Saturday, 5 May 2012

Oracle Join Nested/Hash/Sort Merge- Performance Tuning

Normally we have three types of  Oracle join:

1. Nested - Loop Join
2. Hash Join
3. Sort Merge Join

I will discuss about characteristics of these three joins today:

1. Nested Loop Joins

Nested loop joins are useful when small subsets of data are being joined and if the join condition is an efficient way of accessing the second table.
It is very important to ensure that the inner table is driven from (dependent on) the outer table. If the inner table's access path is independent of the outer table, then the same rows are retrieved for every iteration of the outer loop, degrading performance considerably. In such cases, hash joins joining the two independent row sources perform better.
See Also:

A nested loop join involves the following steps:
  1. The optimizer determines the driving table and designates it as the outer table.
  2. The other table is designated as the inner table.
  3. For every row in the outer table, Oracle accesses all the rows in the inner table. The outer loop is for every row in the outer table and the inner loop is for every row in the inner table. The outer loop appears before the inner loop in the execution plan, as follows:
    NESTED LOOPS 
      outer_loop 
      inner_loop 
    

1.1 When the Optimizer Uses Nested Loop Joins

The optimizer uses nested loop joins when joining small number of rows, with a good driving condition between the two tables. You drive from the outer loop to the inner loop, so the order of tables in the execution plan is important.
The outer loop is the driving row source. It produces a set of rows for driving the join condition. The row source can be a table accessed using an index scan or a full table scan. Also, the rows can be produced from any other operation. For example, the output from a nested loop join can be used as a row source for another nested loop join.
The inner loop is iterated for every row returned from the outer loop, ideally by an index scan. If the access path for the inner loop is not dependent on the outer loop, then you can end up with a Cartesian product; for every iteration of the outer loop, the inner loop produces the same set of rows. Therefore, you should use other join methods when two independent row sources are joined together.

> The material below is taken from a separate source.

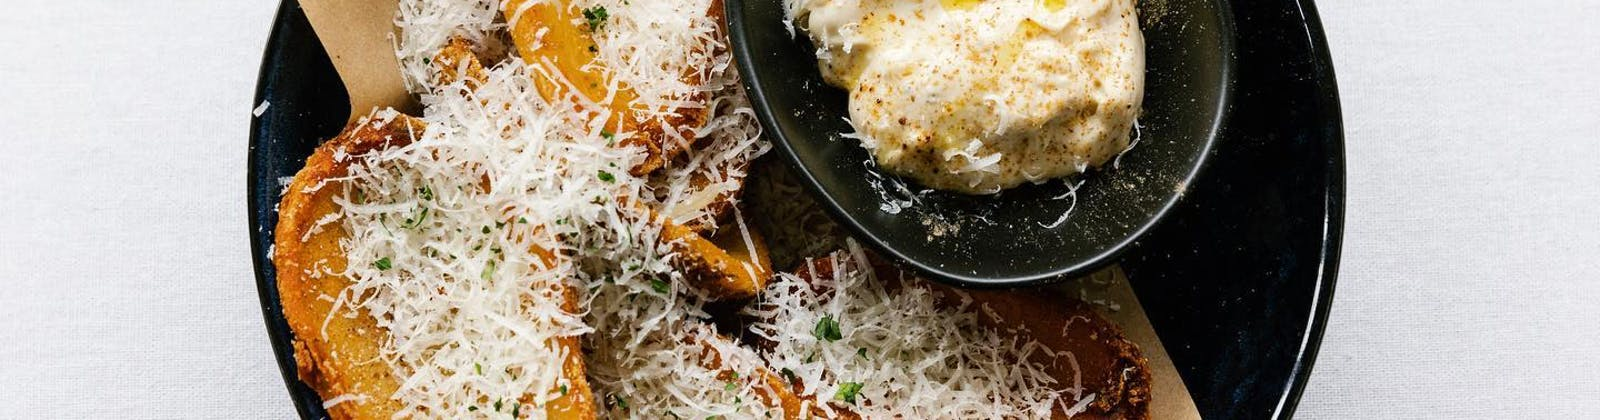 elmo's potato skins and truffle dip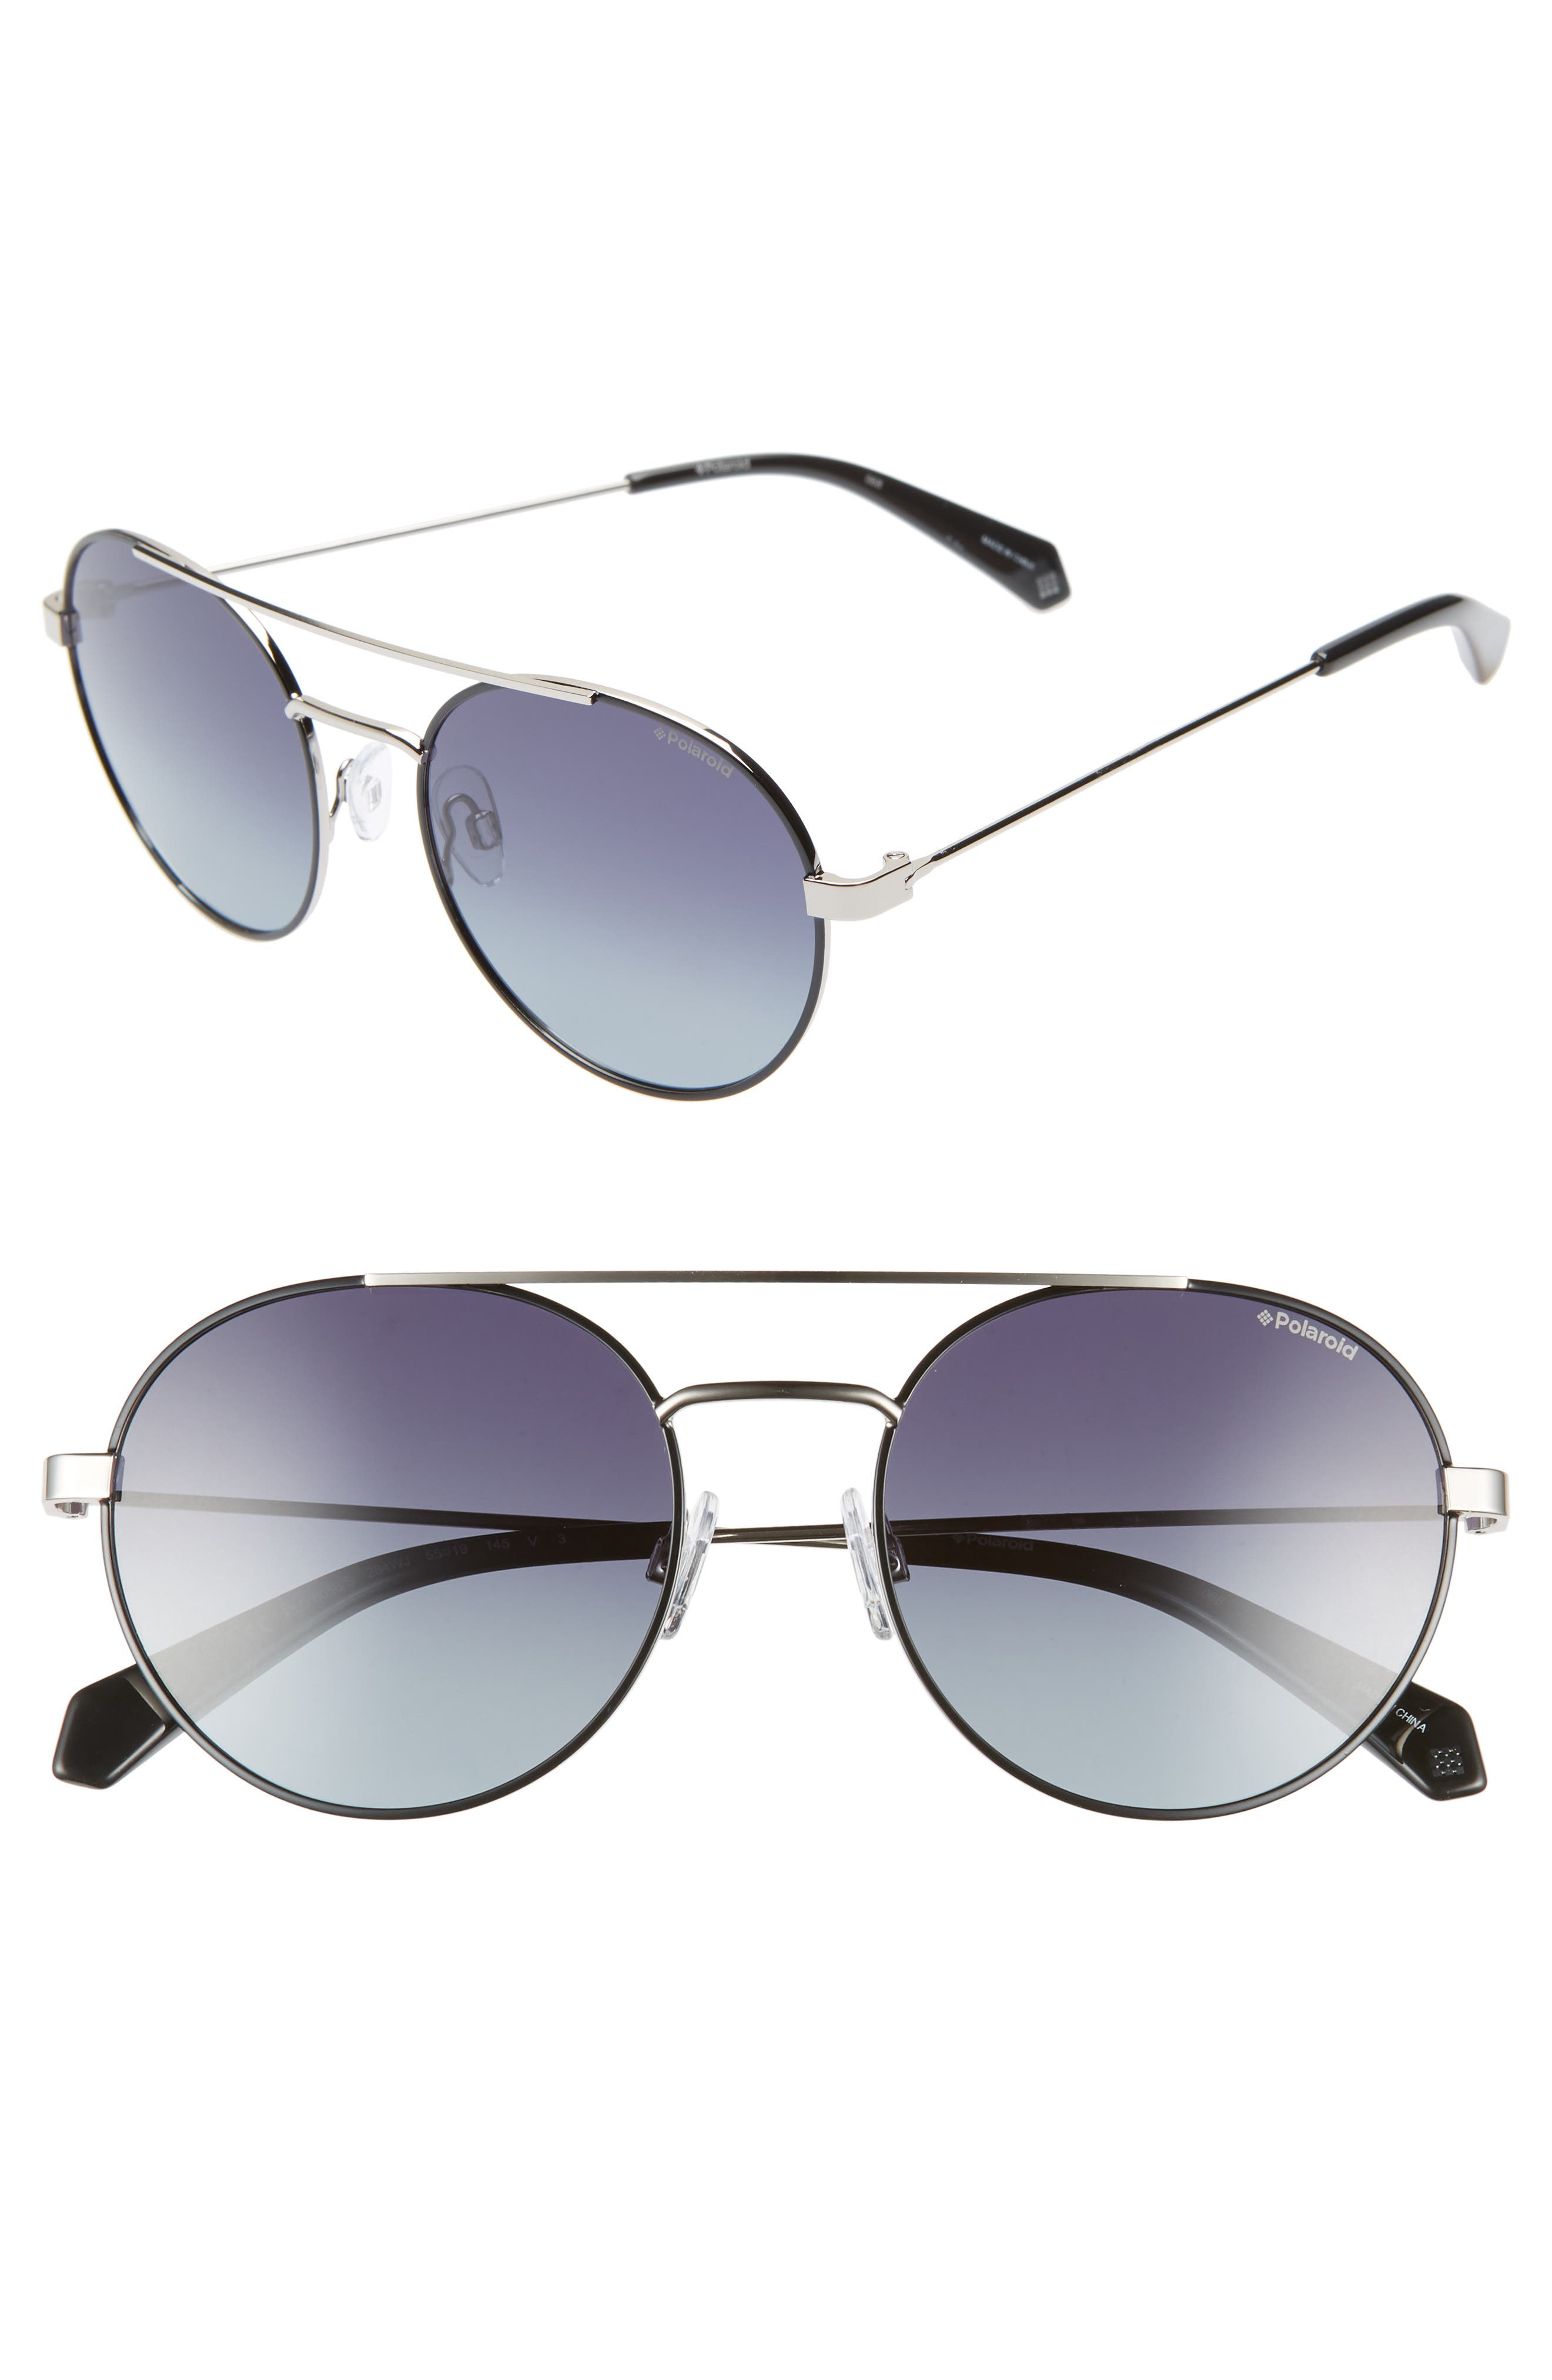 POLAROID EYEWEAR,                             Polaroid 55mm Polarized Round Aviator Sunglasses,                             Main thumbnail 1, color,                             BLACK RUTHENIUM

1.2 Nested Loop Join Hints

If the optimizer is choosing to use some other join method, you can use the USE_NL(table1 table2) hint, where table1 and table2 are the aliases of the tables being joined.


2 Hash Joins

Hash joins are used for joining large data sets. The optimizer uses the smaller of two tables or data sources to build a hash table on the join key in memory. It then scans the larger table, probing the hash table to find the joined rows.
This method is best used when the smaller table fits in available memory. The cost is then limited to a single read pass over the data for the two tables.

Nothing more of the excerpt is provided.